Funds pile in to CBOT soyoil and stage biggest post-war wheat sell-off -Braun
NAPERVILLE — Despite tight global wheat stocks, record prices and historic uncertainty over trade, speculators have spent more time this year selling Chicago wheat futures and options rather than buying them, though moves have been light as open interest is at 17-year lows for the date.
But in the week ended Oct. 25, money managers boosted their net short position in CBOT wheat futures and options by 14,000 to 36,052 contracts, their largest single-week sell-off since July 2021.

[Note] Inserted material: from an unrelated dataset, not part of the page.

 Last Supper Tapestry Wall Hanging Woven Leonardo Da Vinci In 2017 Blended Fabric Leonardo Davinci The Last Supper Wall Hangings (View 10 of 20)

Funds now hold their most bearish CBOT wheat stance since June 2020, perhaps an uncomfortable position given that Russia on Saturday halted its role in the Ukraine export deal, cutting off Ukraine’s agricultural shipments and blocking at least 218 vessels from eventual departure.
Money managers’ latest wheat move was primarily due to the addition of new shorts, easily the most for any week since the Russian invasion of Ukraine in late February. Such a sell-off was not anticipated as most-active CBOT wheat futures fell a modest 1.7% through Oct. 25.

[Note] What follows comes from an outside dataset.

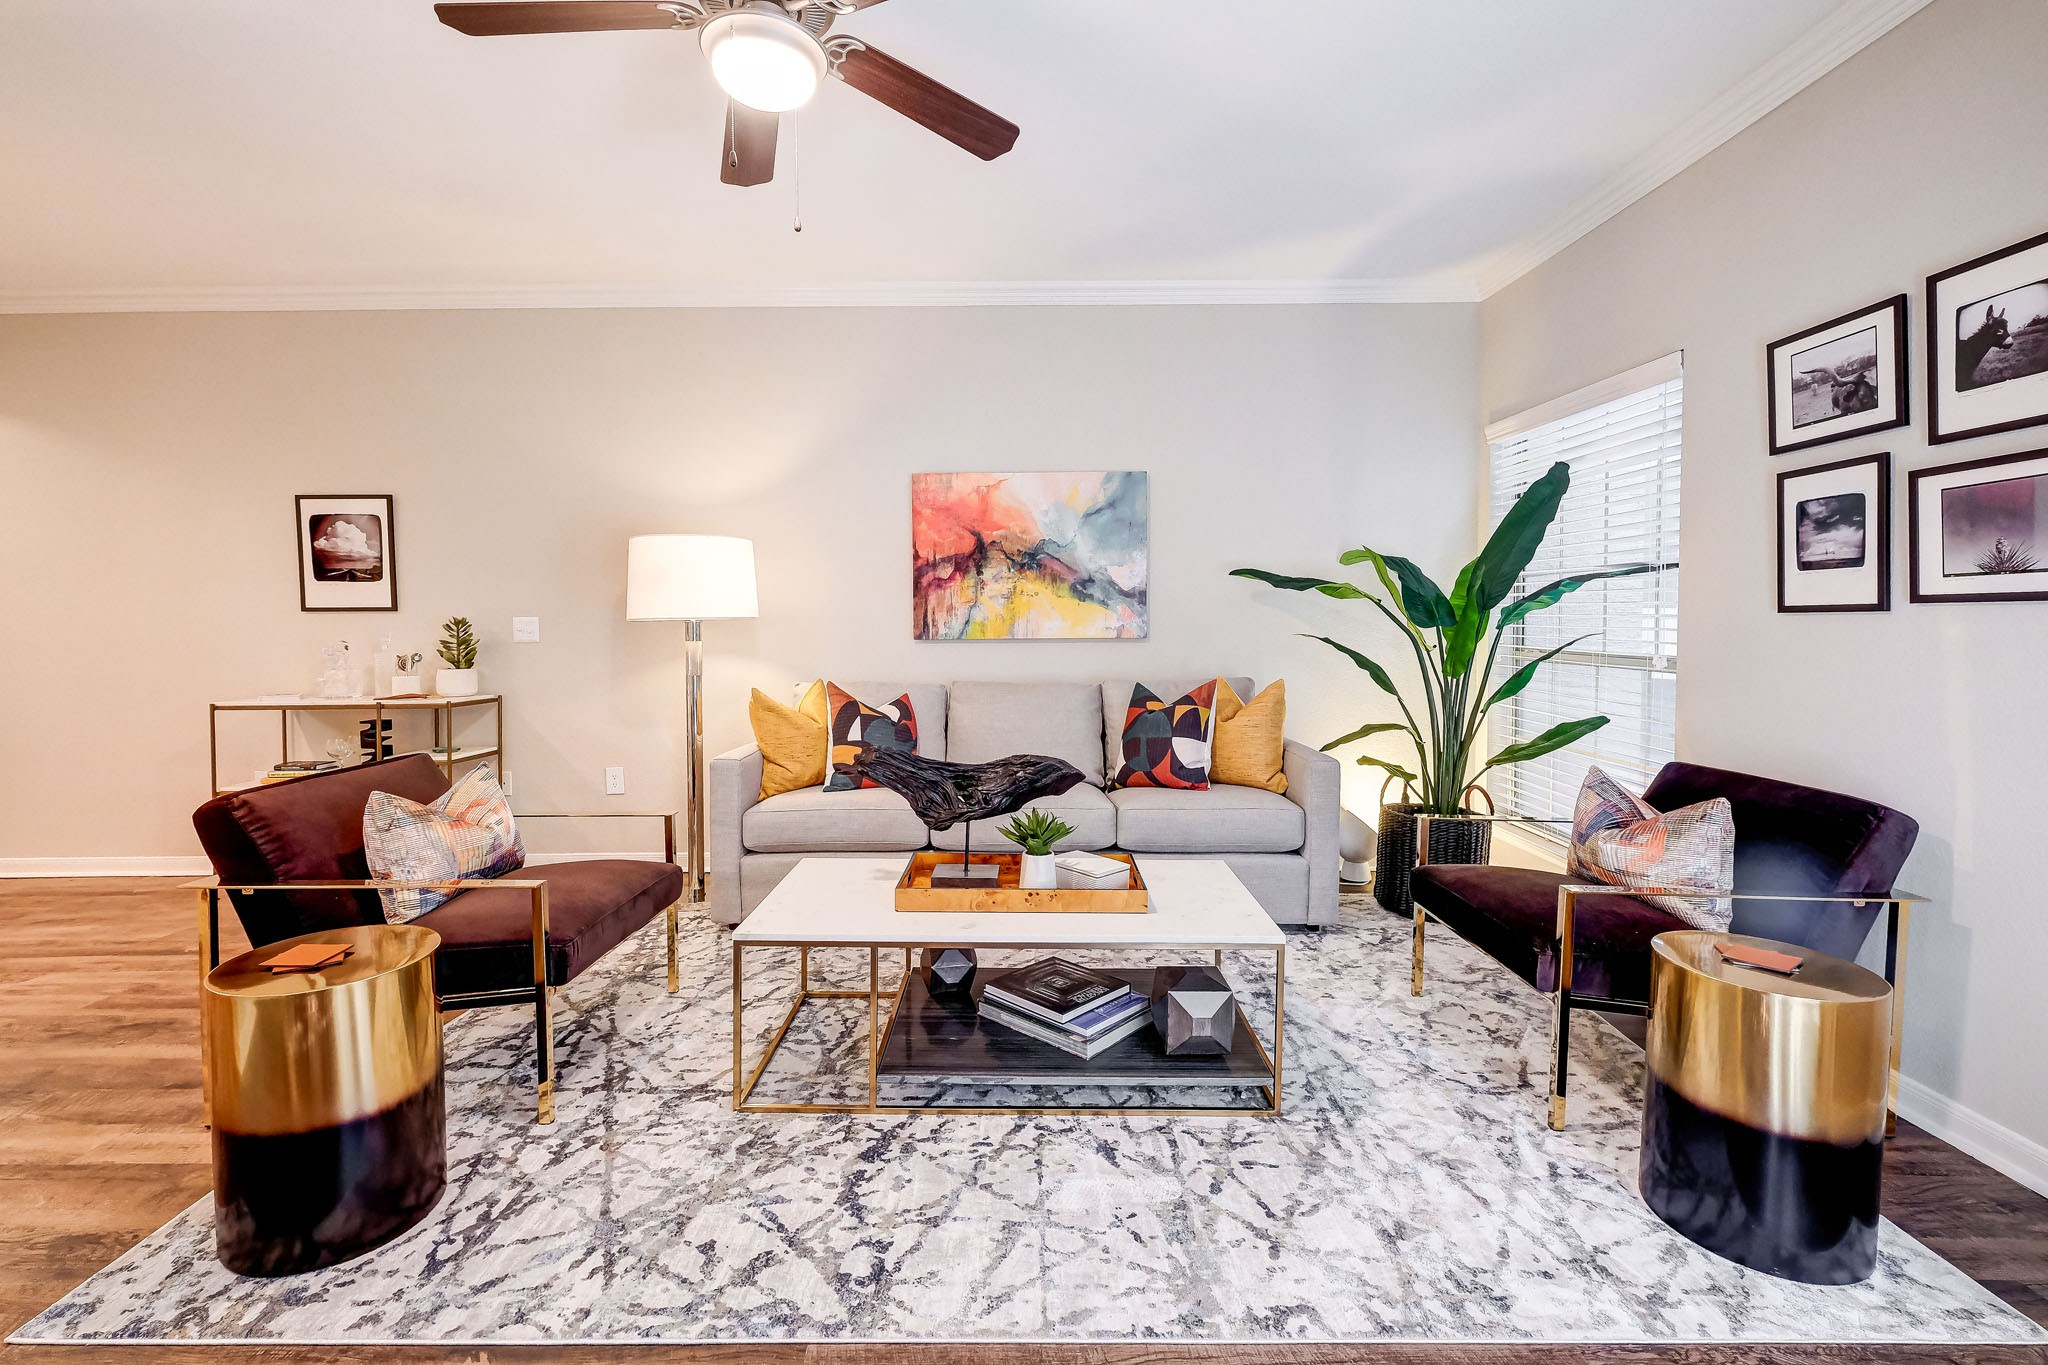 Apartments Near UT Austin Canyon Springs for University of Texas - Austin Students in Austin, TX

Wheat futures on Friday touched more than one-month lows, settling at $8.29-1/4 per bushel, almost 13% off the October high and similar to the prices seen in the days before the invasion. The trade had been feeling more optimistic toward the Ukraine deal in recent weeks, at least prior to Saturday.

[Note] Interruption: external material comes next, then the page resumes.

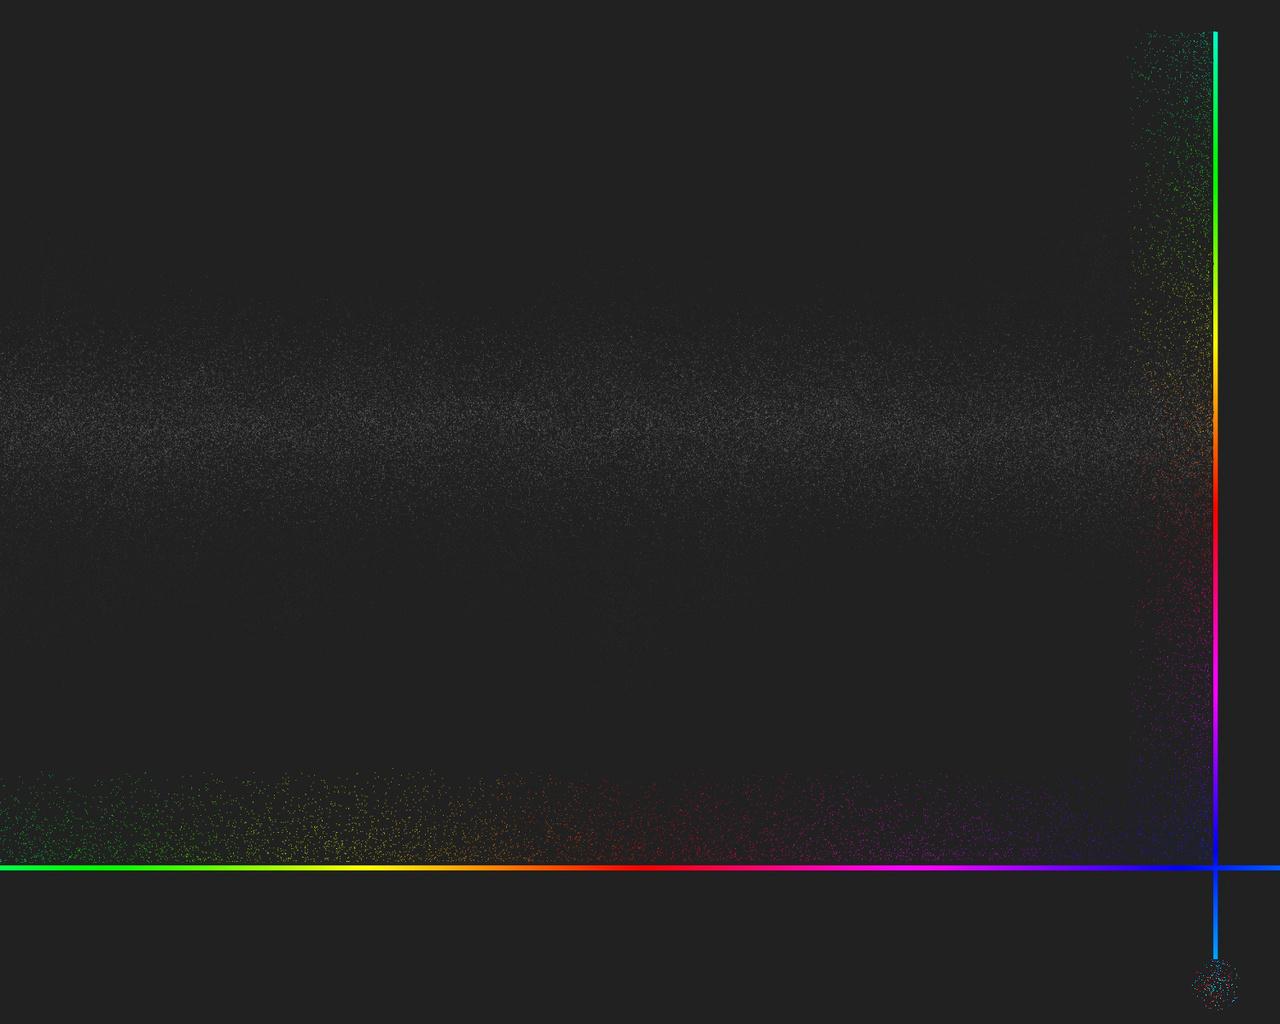 заставка, фон, темный, линии, цвета

Funds’ bearish CBOT wheat views are not all that standout for the time of year, maybe a little more negative than average, though they are far more modest than in 2016 or 2017, when money managers entered November with a net short of over 100,000 contracts.
Sufficient uncertainties and low market participation should prevent funds’ bearish views from approaching these levels. Open interest was very high in those years, especially in 2017. Wheat futures in 2016 and 2017 were at the lowest levels observed in the last decade-plus.
In CBOT corn, money managers’ net long, up more than 10,000 contracts in the week ended Oct. 25, is very similar to the same week in the previous two years at 264,374 futures and options contracts.
Most-active corn futures drifted fractionally lower on Friday, ending at $6.80-3/4 per bushel. Concerns for slow U.S. corn demand, particularly for exports, have been balanced by the tighter global supply picture and the unknown future of Ukraine’s exports.
SOYBEANS AND PRODUCTS
CBOT soybean oil futures surged 5% for a second straight week in the week ended Oct. 25, and money managers added more than 20,000 gross longs to their net long, which reached 95,161 futures and options contracts.
That was up from 60,984 contracts two weeks earlier, and the latest two-week stretch of buying is funds’ largest in the vegoil since the first week of October 2021. The net long is now the biggest since April.
CBOT soyoil has rallied this month along with other global vegoil markets on supply concerns and strength in crude oil. Soyoil on Thursday hit a four-month high of 73.97 cents per pound, though the contract settled almost 3% off that high on Friday.
Data from the U.S. Commodity Futures Trading Commission showed that money managers through Oct. 25 added more than 15,000 soybean meal futures and options contracts to their net long, which jumped to 86,030 contracts.
October had begun with sharp selling in CBOT soymeal, though the latest week of buying was funds’ biggest since November 2021. The latest move resulted largely from new longs, but short covering hit a 20-week high.
Soymeal futures rose more than 3% in the week ended Oct. 25 and added more than 2% over the last three sessions, reaching a one-month high on Friday and settling at $425.40 per short ton. That is 28% higher than the same date a year ago.
CBOT soybeans came along for the ride last week as fractional gains in futures corresponded with moderate fund buying. Money managers increased their net long to 75,411 futures and options contracts through Oct. 25 from 66,862 a week earlier.
Strength in soymeal and outside markets on Friday lifted CBOT January soybeans slightly to end the week, settling at $14.00-1/4 per bushel. Karen Braun is a market analyst for Reuters. Views expressed above are her own.